Gabrielle MacDonald looked up at Admiral Lettow and nodded her head, signaling the chaplain to step forward.
“Ladies and gentlemen, the Lord giveth, and the Lord taketh away. Blessed be the name of the Lord.
“We gather here in this gorgeous place, on this hallowed ground, in the midst of God’s natural beauty, to say our final good-bye to Lieutenant Commander P.J. MacDonald, who was an officer, a gentleman, a servant of his country, and, most important, a servant of our Lord and Savior, Jesus Christ.
“As we prepare for the final portions of this military ceremony, to render honor to this strong man whom we lost too soon, a patriot who loved his country, the family has requested two passages of Scripture that were P.J.’s favorites, one from the Old Testament and one from the New, each marked in his Bible.
“The first is from the book of Psalms, from Psalm 29:3–9 to be precise, and reflected P.J.’s love of the sea.
“The voice of the LORD is upon the waters;
The God of glory thunders,
The LORD is over many waters.
The voice of the LORD is powerful,
The voice of the LORD is majestic.
The voice of the LORD breaks the cedars;
Yes, the LORD breaks in pieces the cedars of Lebanon.
He makes Lebanon skip like a calf,
And Sirion like a young wild ox.
The voice of the LORD hews out flames of fire.
The voice of the LORD shakes the wilderness;
The LORD shakes the wilderness of Kadesh.
The voice of the LORD makes the deer to calve
And strips the forests bare;
And in His temple everythin
g says, ‘Glory!’ ”
Lettow paused, looked up, and cast a reassuring glance at the family. “And then there are two short verses from the New Testament, which in so many ways go to the very heart of who P.J. was, and indeed of who he still is.” He looked down. “The first is from Saint Paul’s letter to the church at Ephesus, chapter 2, verses 8 and 9. ‘For by grace you have been saved through faith; and that not of yourselves, it is the gift of God, not as a result of works, so that no one may boast.’
“And finally, from Paul’s letter to the church at Rome, chapter 10, verses 9 and 10. ‘If you confess with your mouth Jesus as Lord, and believe in your heart that God raised Him from the dead, you will be saved; for with the heart a person believes, resulting in righteousness, and with the mouth he confesses, resulting in salvation.’ ”
Lettow closed the Bible in his hand and looked up.
“This concludes the reading of the true and everlasting Word of God.

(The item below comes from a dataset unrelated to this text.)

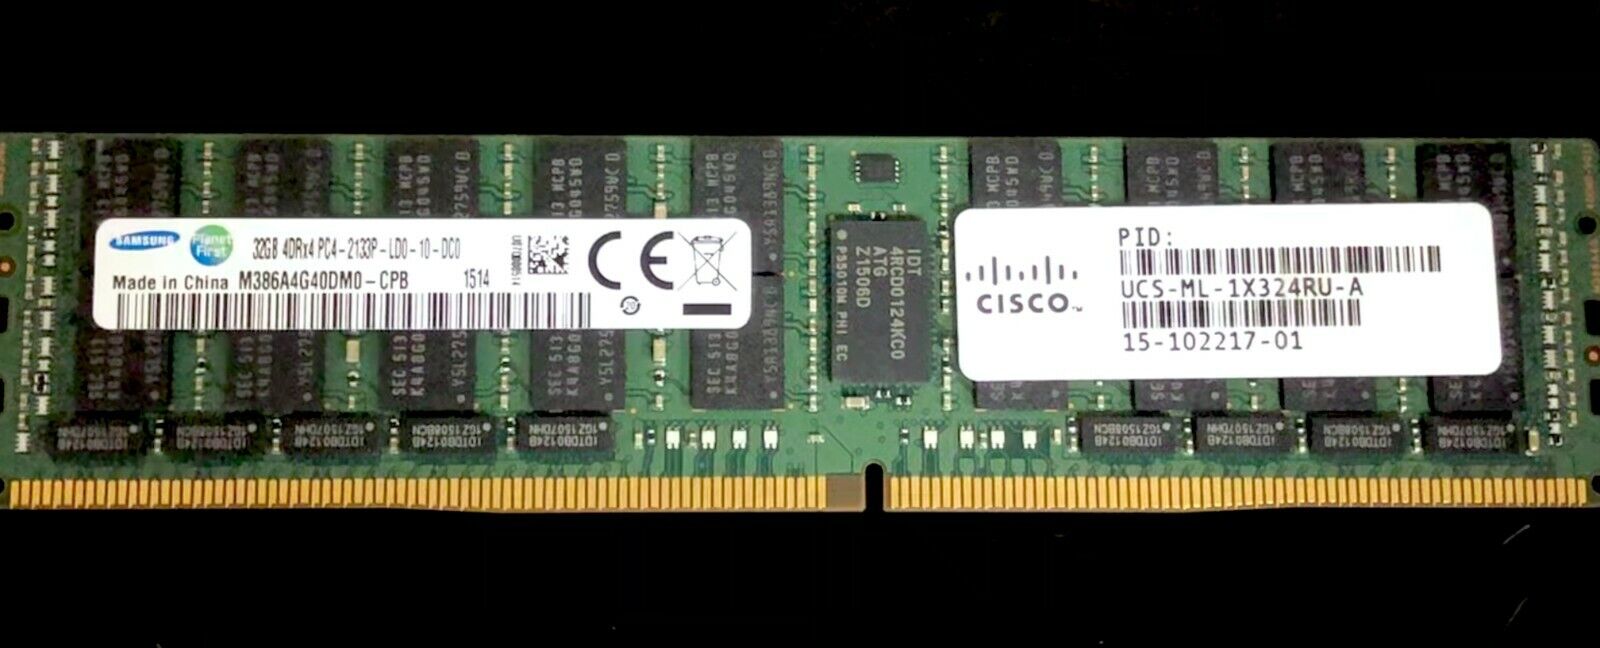 SAMSUNG CISCO 15-102217-01 32GB Memory DIMM DDR4 2133MHz 4Rx4 PC4-2133P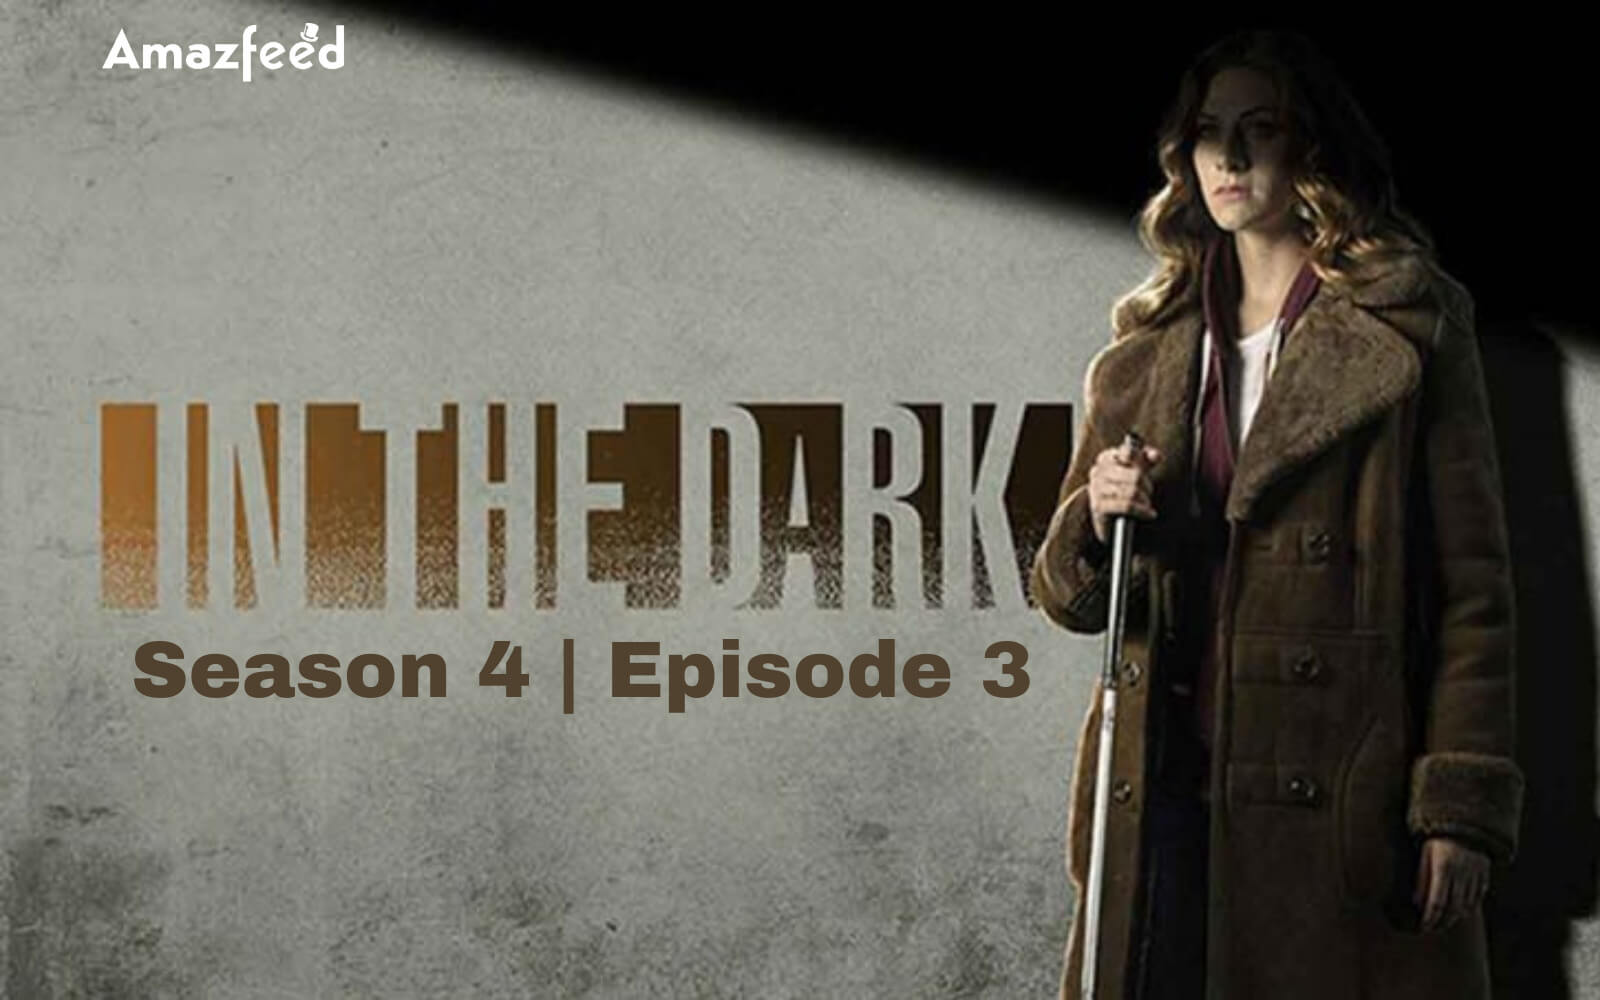 In the Dark Season 4 Episode 3 Release date

Blessed be the name of the Lord.
“The words of Holy Scripture remind us that even in death, there is yet life. The promise of the great Savior, Jesus Christ, is that if we have placed our trust in him, though we should die, so also shall we live. P.J. placed his hope and trust and confidence in that great Savior, who is the only way to God the Father, and because Jesus lives, so, too, does P.J. live.
“If you do not know Christ Jesus as your Lord and Savior, if there is doubt in your mind, doubt in your heart, if you don’t know your destination should earthly death come upon you, suddenly and unexpectedly, as earthly death came quickly for our brother-in-arms, then I invite you today to place your faith in Christ. Only in him, only through him, only by him, may we escape the fiery bondage of eternal death and be assured of life forever, on streets of gold, by precious running waters, in the presence of our glorious Savior under the wings of God the Father.